La felicidad
Las sociedades felices no son necesariamente las más ricas, sino las que saben manejar mejor los inevitables sobresaltos de la vida
Les escribo esta columna desde un pequeño y remoto país a los pies de la cordillera del Himalaya: Bután. Llevaba mucho tiempo con ganas de ... visitarlo y, por fin, han coincidido varios factores para hacer realidad el deseo, aunque la estancia sea fugaz. Además de las montañas, este país es conocido por su interés en la felicidad. Eso, de por sí, ya tiene mérito pues se trata de algo que la humanidad lleva milenios persiguiendo sin demasiado éxito.
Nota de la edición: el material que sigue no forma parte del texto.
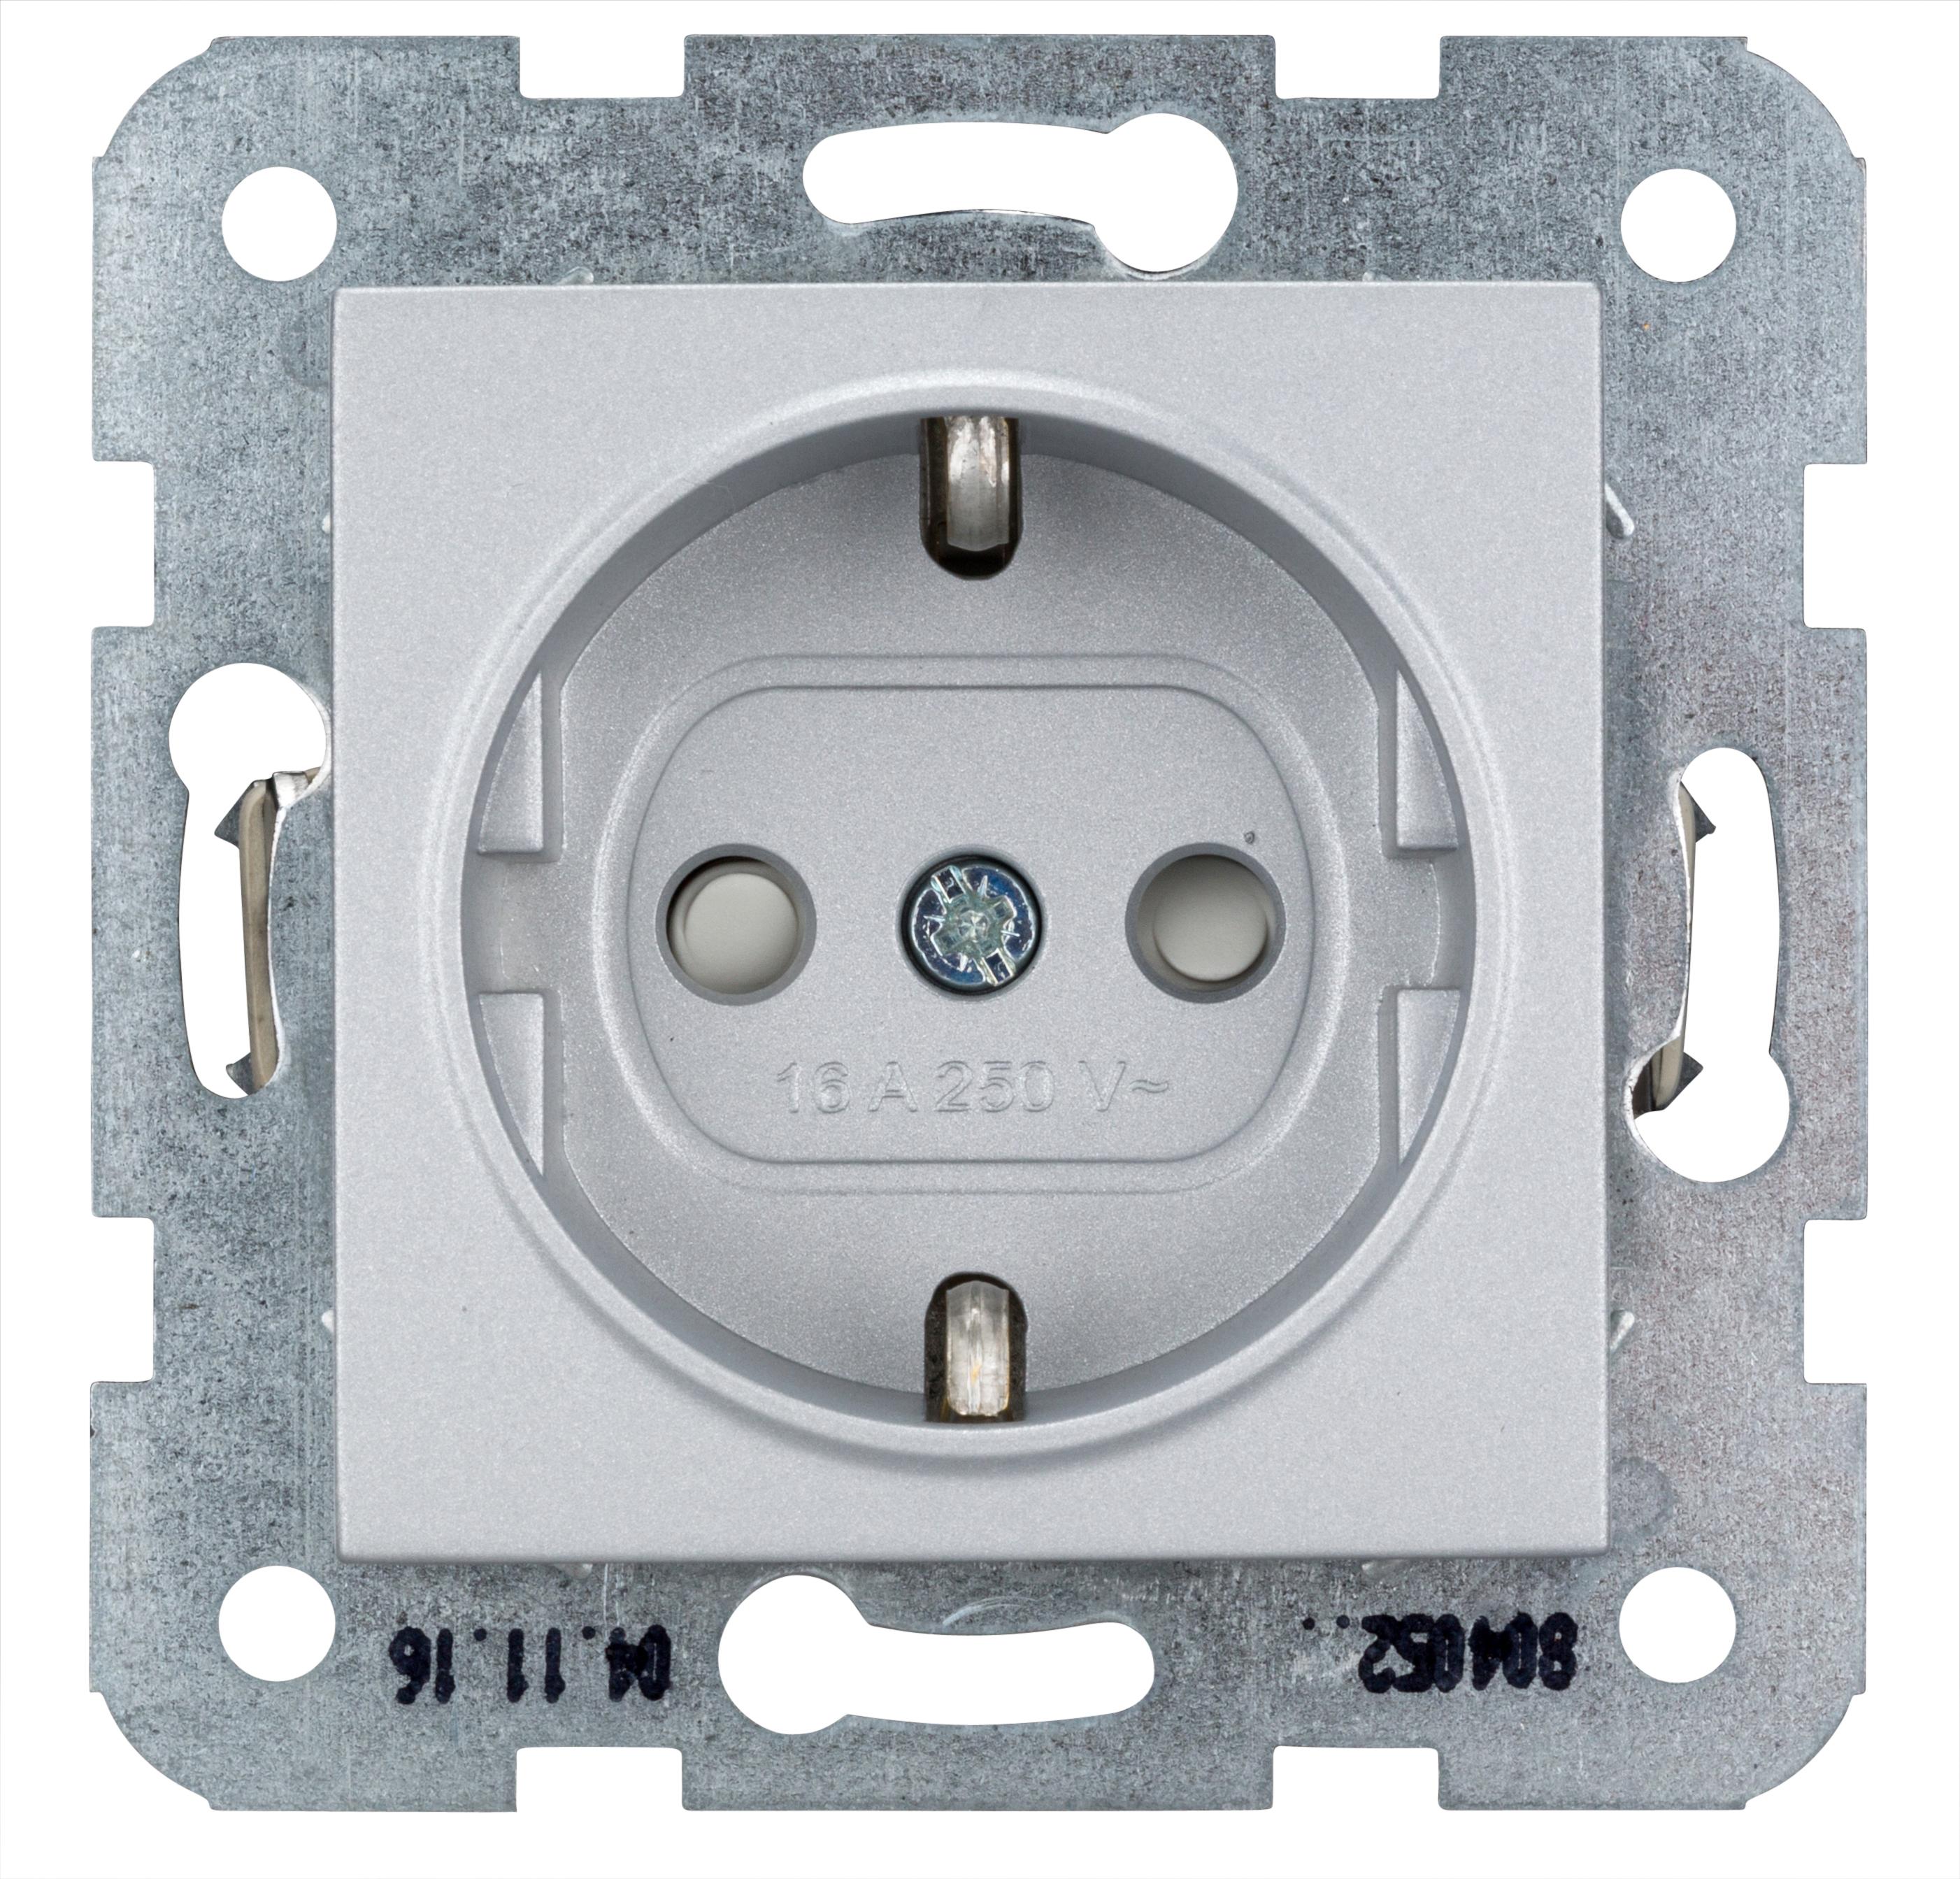 1 Stk Steckdose, erhöhter Berührungsschutz, Steckklemme, Silber EV121003--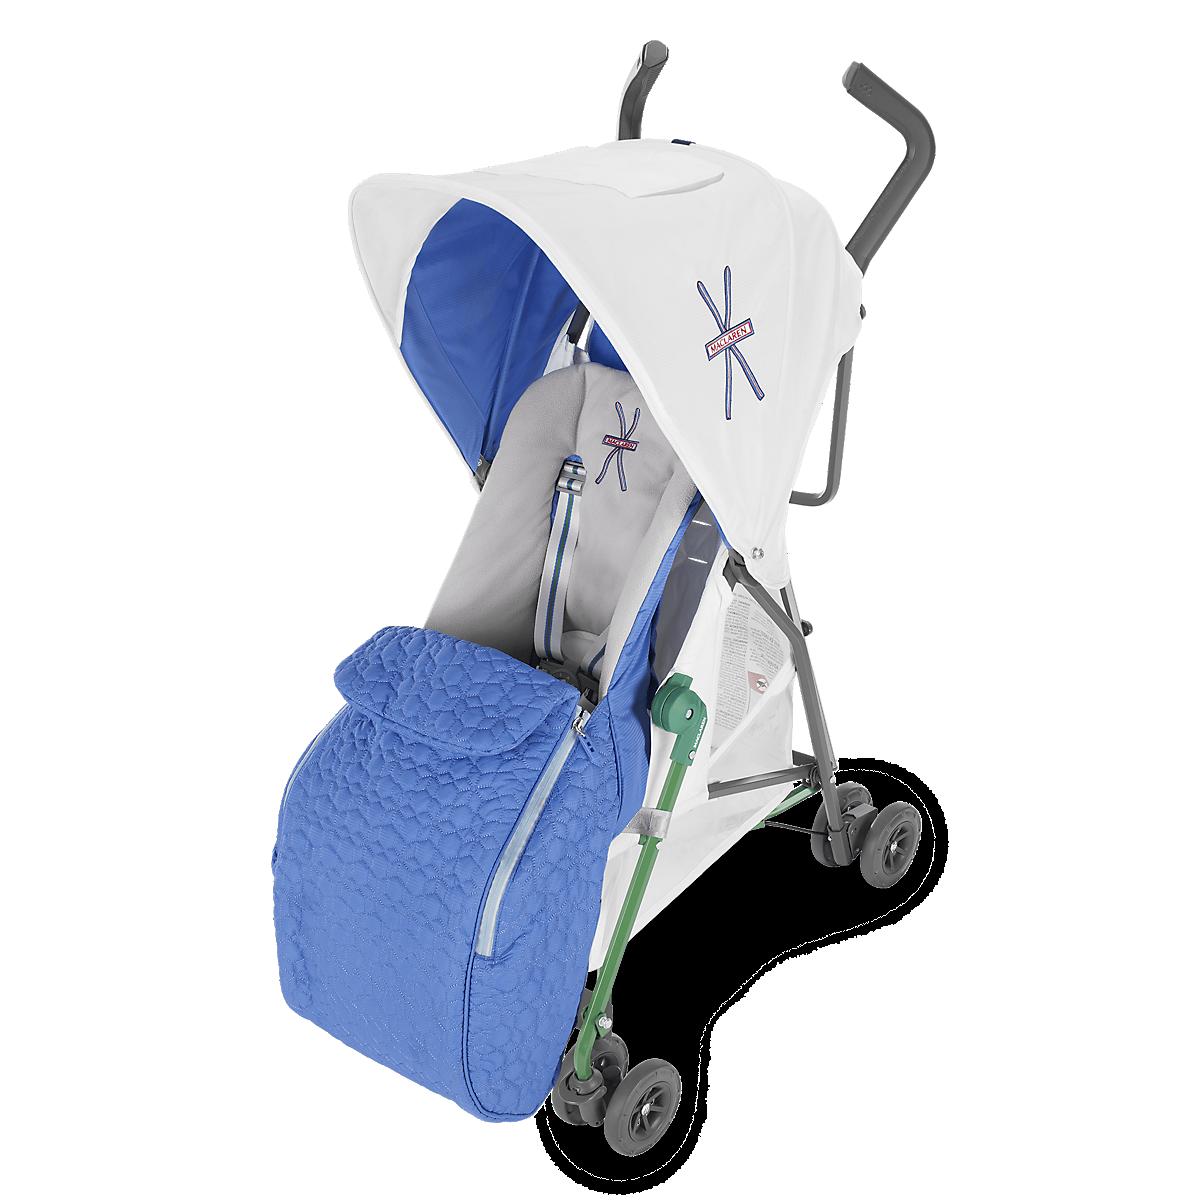 Maclaren Alpine Model Design Stroller Baby Stroller Accessories Maclaren

La neurociencia intenta desentrañar lo que ocurre en el cerebro cuando decimos «soy feliz». No parece que haya un botón mágico, ni una molécula en exclusiva, ni una región cerebral con forma de sonrisa. La felicidad aparece más bien como un cóctel inestable de neurotransmisores, dopamina, serotonina y oxitocina, cuyas acciones son a menudo contrapuestas. La dopamina es la entusiasta, celebra cada meta alcanzada, pero al minuto ya pregunta por la siguiente. La serotonina, más prudente, regula el bienestar general, esa sensación de estar «a gusto». Y la oxitocina nos hace confiar en los demás, un detalle importante si no queremos terminar solos. El problema es que estas tres «señoras» no siempre se ponen de acuerdo y, cuando lo hacen, no suelen durar mucho en armonía.
Por ejemplo, la dopamina está asociada al deseo, no a la satisfacción duradera. Cuando conseguimos algo largamente esperado se produce un pico dopaminérgico. Pero, poco después, la curva cae y el cerebro pide dedicarse a un nuevo objetivo. Esto se llama adaptación hedónica, nos acostumbramos muy rápido también a lo bueno. Es un mecanismo evolutivo razonable, si la humanidad se hubiera conformado tras conseguir hacer el primer fuego, no habríamos llegado muy lejos. La felicidad estable no es un estado natural en el cerebro humano. Y eso explica por qué incluso alcanzar las metas más preciadas suele venir acompañado de un pequeño poso de decepción.
Y aquí aparece Bután, con su famoso índice de Felicidad Nacional Bruta. Mientras el resto del mundo mide sus toneladas de acero o los porcentajes de la inflación, aquí ponderan la paz interior, las relaciones sociales, la salud espiritual o el equilibrio con la naturaleza. Suena bastante ingenuo, pero tiene su lógica. Las sociedades felices no son necesariamente las más ricas, sino las que saben manejar mejor los inevitables sobresaltos de la vida. Lo paradójico es que al llegar aquí no se nota que la felicidad flote en el aire, no es algo que se respire. Parece, más bien, una aspiración colectiva, una forma de intentar vivir mejor sabiendo que la perfección no está al alcance de nadie.
La ciencia aporta otra perspectiva interesante, la felicidad no es un lugar al que se llega, sino un proceso dinámico. Algo así como caminar sobre una tabla estrecha que se mueve constantemente. Un experimento clásico demostró que la gente es más feliz cuando está absorbida en una tarea como trabajar, crear o ayudar, que cuando intenta relajarse «a la fuerza». El cerebro se lleva mal con el vacío y necesita un propósito, aunque sea pequeño y cotidiano. Otras investigaciones mostraron que los humanos somos muy malos prediciendo lo que nos hará felices. Sobreestimamos la alegría que nos darán los grandes logros y subestimamos la importancia de las pequeñas rutinas. La ciencia llama a esto «ilusión de enfoque», ponemos demasiada atención en algo concreto como una casa nueva o un ascenso, creyendo que será la clave de nuestra felicidad, cuando en realidad sólo es una pieza más del rompecabezas. También sabemos que parte de nuestra felicidad está 'preconfigurada'. Los genetistas estiman que alrededor del 40% de la variabilidad individual del bienestar tiene una base hereditaria. El resto depende de circunstancias y hábitos. Es decir, podemos influir en ella, pero no es algo completamente libre. Quizá de ahí venga la frustración de buscar recetas universales que, naturalmente, no existen.
Me queda la duda de si caminar por estos senderos contemplando picos y valles me dará esa iluminación tranquila prometida. O si, por el contrario, me ocurrirá lo que la neurociencia anticipa, que puede que disfrute, pero sin alcanzar ninguna epifanía definitiva. Y, sinceramente, está bien que sea así. Quizá la felicidad, vista con rigor científico y con algo de humor, no sea un trofeo ni un estado permanente, sino un intervalo, unos momentos breves de equilibrio entre lo que esperamos y lo que ocurre realmente. Al final, todo son escenarios, y la felicidad, si aparece, lo hace en formas pequeñas y fugaces, casi siempre sin avisar. Y quizá ese sea su secreto.